Ces usages ne relèvent généralement pas de l’IA :
- envoyer automatiquement un message WhatsApp après un achat
- déclencher une relance marketing après quelques jours
- exécuter un workflow Make, n8n ou Zapier basé uniquement sur des règles
- lancer une séquence automatisée dans un CRM
En revanche, ces usages entrent dans le champ de l’AI Act :
- comprendre une demande rédigée en langage naturel
- qualifier automatiquement un besoin
- reformuler une commande ou une convention
- rechercher dans une base documentaire
- générer une réponse personnalisée
- préparer un devis, un contrat ou un document à partir d’une conversation
Cette distinction est importante. L’intelligence artificielle apporte une véritable valeur lorsqu’elle permet de comprendre, raisonner ou générer du contenu. Lorsqu’une automatisation classique suffit, elle reste souvent plus simple, plus fiable et plus économique.
Ce que l’AI Act implique pour les usages conversationnels
La majorité des agents conversationnels développés avec Sandra utilisent des modèles d’intelligence artificielle et entrent donc dans le périmètre de l’AI Act. Quatre mesures méritent une attention particulière.
1. Informer les utilisateurs qu’ils interagissent avec une IA
L’AI Act prévoit une obligation de transparence lorsque des personnes interagissent directement avec un système d’IA, sauf lorsque cela est déjà évident. Une simple mention en début de conversation est généralement suffisante :
Bonjour, je suis l’assistant IA de [Entreprise]. Je vais vous accompagner dans votre demande. Vous pourrez toujours relire et valider les informations avant leur envoi.
Cette transparence répond aux exigences réglementaires tout en renforçant la confiance des utilisateurs.
2. Prévoir une supervision humaine lorsque cela est pertinent
Les agents IA peuvent qualifier un prospect, préparer une commande, générer un devis, répondre à des questions ou assister un collaborateur. En revanche, lorsqu’un processus comporte un engagement contractuel, une décision sensible ou une situation complexe, il est recommandé de prévoir une validation humaine adaptée au contexte.

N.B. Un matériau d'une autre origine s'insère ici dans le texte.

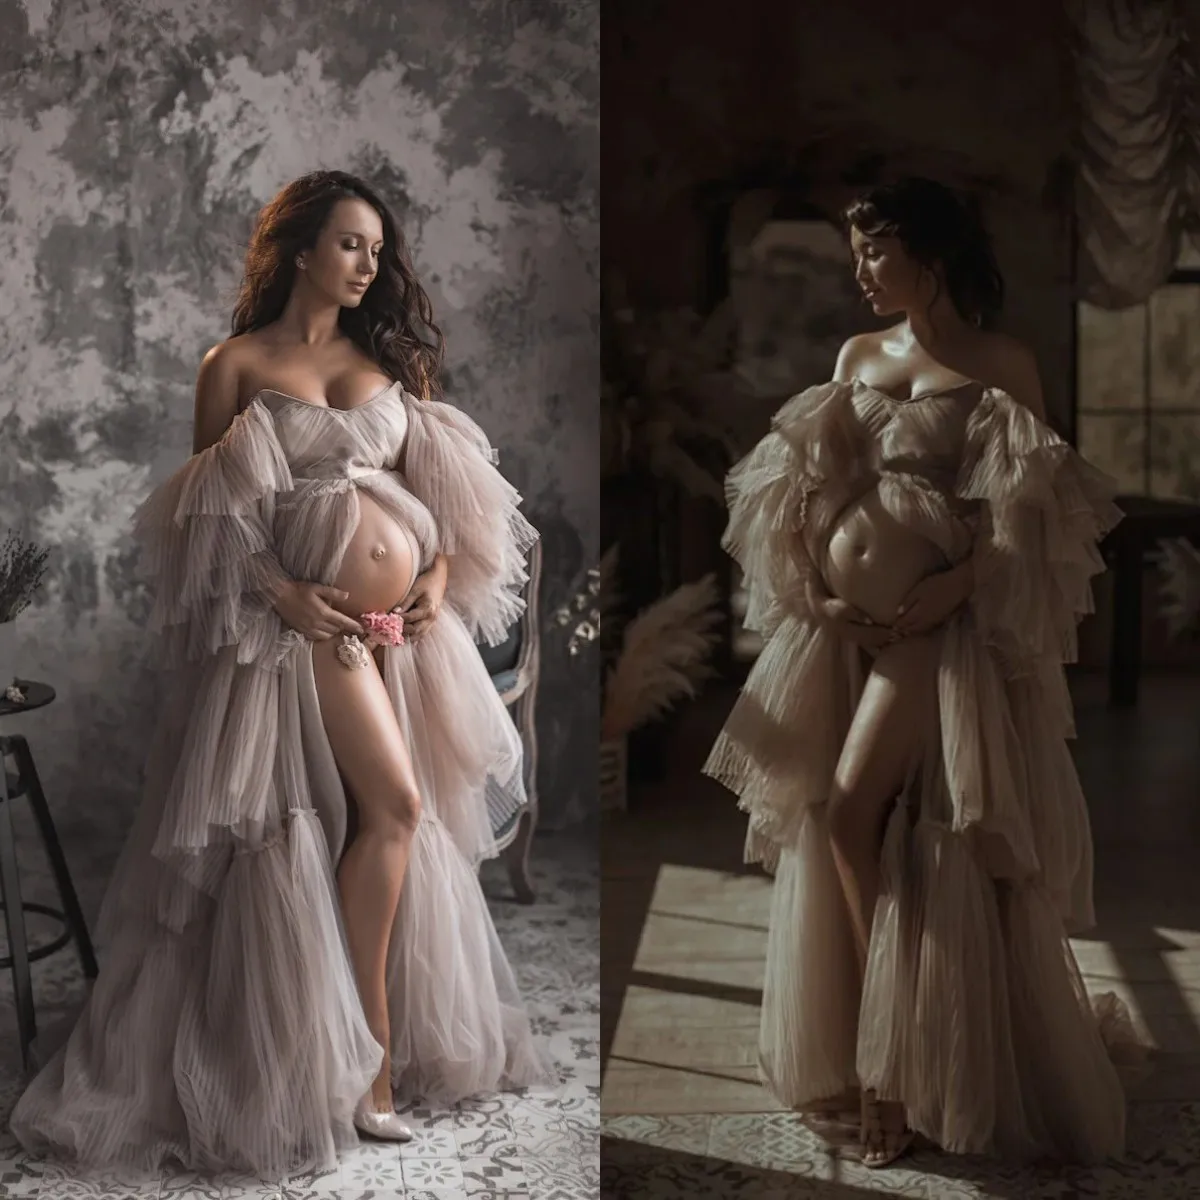 

Платье • платье для беременных для фотосессии или детского душа • платье для беременных • модное платье для беременных • платье для подру...

3. Documenter les agents IA
Le RGPD a conduit les entreprises à mettre en place un registre des traitements de données personnelles. L’AI Act pousse progressivement vers une démarche comparable pour les systèmes d’IA. Chaque entreprise devrait pouvoir identifier :
- les agents IA déployés
- leur finalité
- les modèles utilisés
- les données manipulées
- les outils auxquels ils sont connectés
- le responsable métier de chaque agent
Au-delà des aspects réglementaires, cette documentation constitue un véritable outil de gouvernance et facilite la maintenance, les audits et les évolutions futures.
4. Former les équipes
L’AI Act introduit également une obligation d’AI literacy. Les collaborateurs qui utilisent ou supervisent des systèmes d’IA doivent disposer d’un niveau de connaissance adapté à leurs responsabilités : comprendre les capacités de l’IA, ses limites, les principaux risques et les bonnes pratiques à adopter.
Vers un AI Control Center
L’AI Act confirme une évolution de fond : demain, les entreprises n’auront plus seulement besoin de créer des agents IA, mais également de les inventorier, les documenter et les gouverner.
C’est dans cette perspective que nous développons les prochaines évolutions de Sandra autour d’un AI Control Center, destiné à offrir une vision centralisée des agents IA configurés dans la plateforme, de leur documentation et de leur gouvernance. Notre ambition est de rapprocher cette approche des principes du RGPD afin de proposer, à terme, un registre unifié des traitements de données et des agents IA.
En conclusion
L’AI Act constitue une étape importante dans la maturité de l’intelligence artificielle en entreprise. Pour la grande majorité des organisations, il ne s’agit pas d’un frein à l’innovation mais d’un cadre permettant de développer des usages plus transparents, mieux documentés et mieux gouvernés.